‘US to keep up economic, diplomatic pressure on North Korea’

North Korean leader King Jong-un and US President Donald Trump (Photo: AFP)


US Vice President Mike Pence has said that Washington will keep up economic and diplomatic pressure on North Korea to curb its nuclear and ballistic missile programs.

Pence made the remarks on Friday during a visit to an Air Force base in North Dakota, home to both B-52 bombers and intercontinental ballistic missiles, Xinhua news agency reported.

The US will continue to apply “economic and diplomatic pressure” so as to make Pyongyang “abandon its nuclear and ballistic missile programs,” Pence said.

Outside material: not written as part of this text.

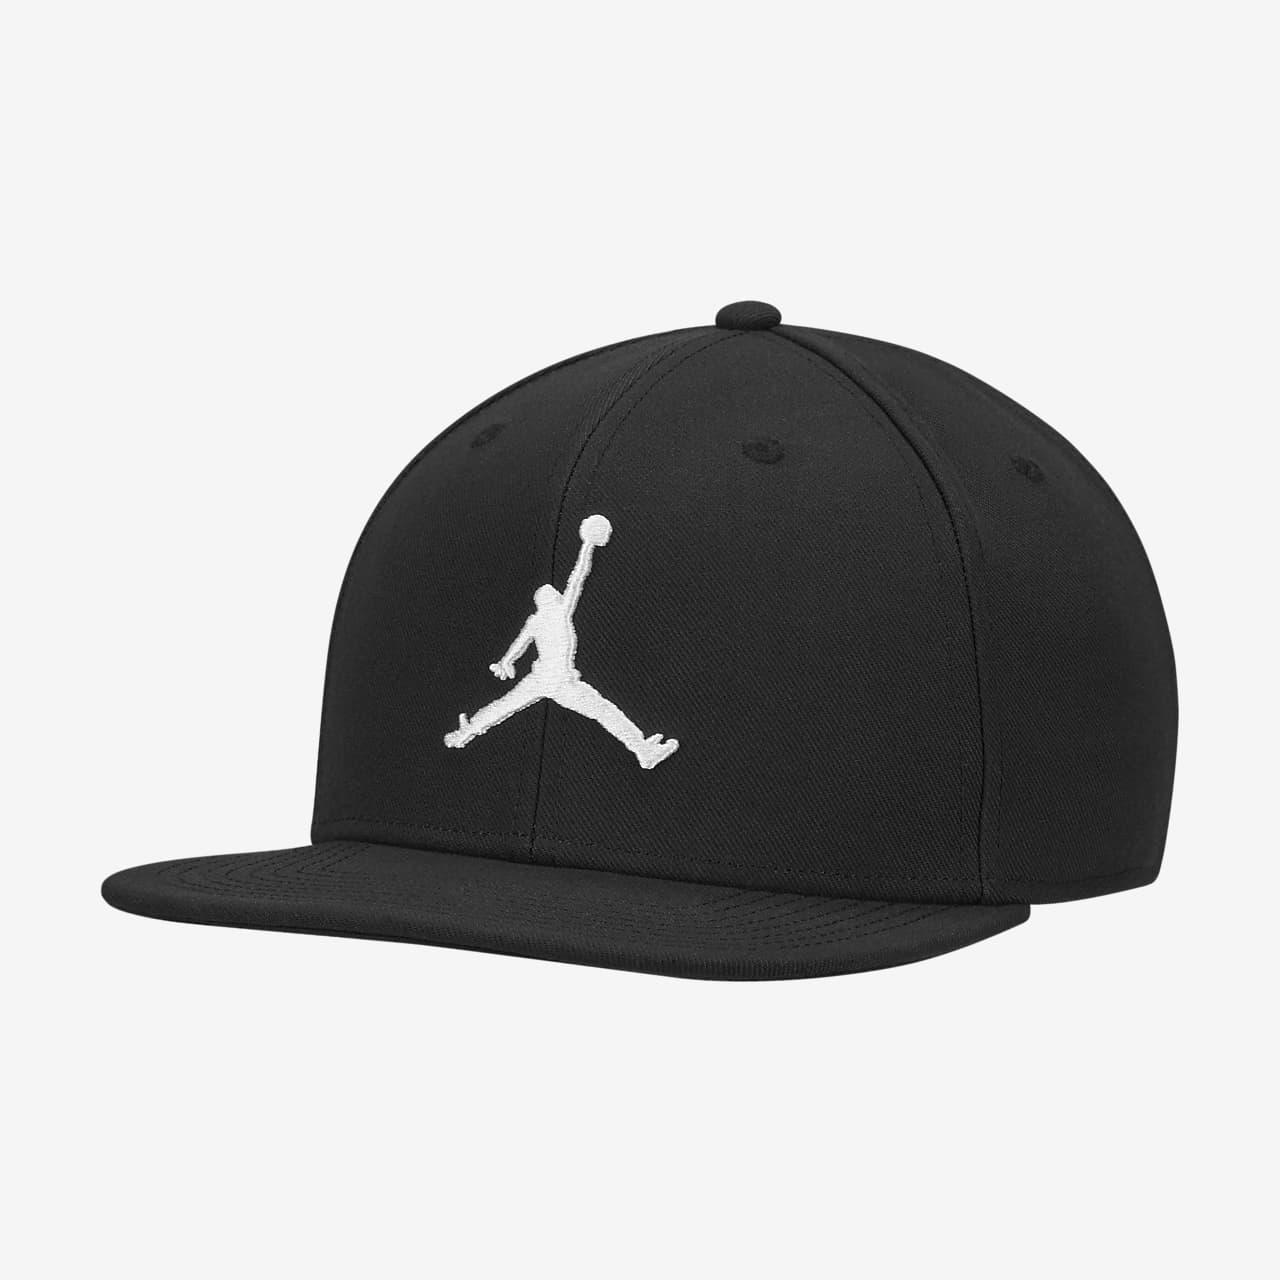 Jordan pro jumpman snapback gorra txlsfx jpg 1280x1280 Tenis jordan gorras  en venta 7737cb87b9e

He also warned “all options are on the table” and the US will defend itself “with military power that is effective and overwhelming” when it is forced to do so.

Meanwhile, visiting US Secretary of Defence James Mattis also on Friday in Seoul said that “his country seeks no war, but the denuclearisation of the Korean Peninsula”.

The comments from the top Trump administration officials comes days before President Donald Trump’s Asia trip which is slated for November 3-14.

It would be his first trip to the region since assuming office, during which he would visit South Korea.

North Korea conducted its sixth nuclear test early in September and a series of ballistic missile launches in recent months.

In response, the UN Security Council adopted a new resolution toughening sanctions on Pyongyang over its most powerful nuclear detonation.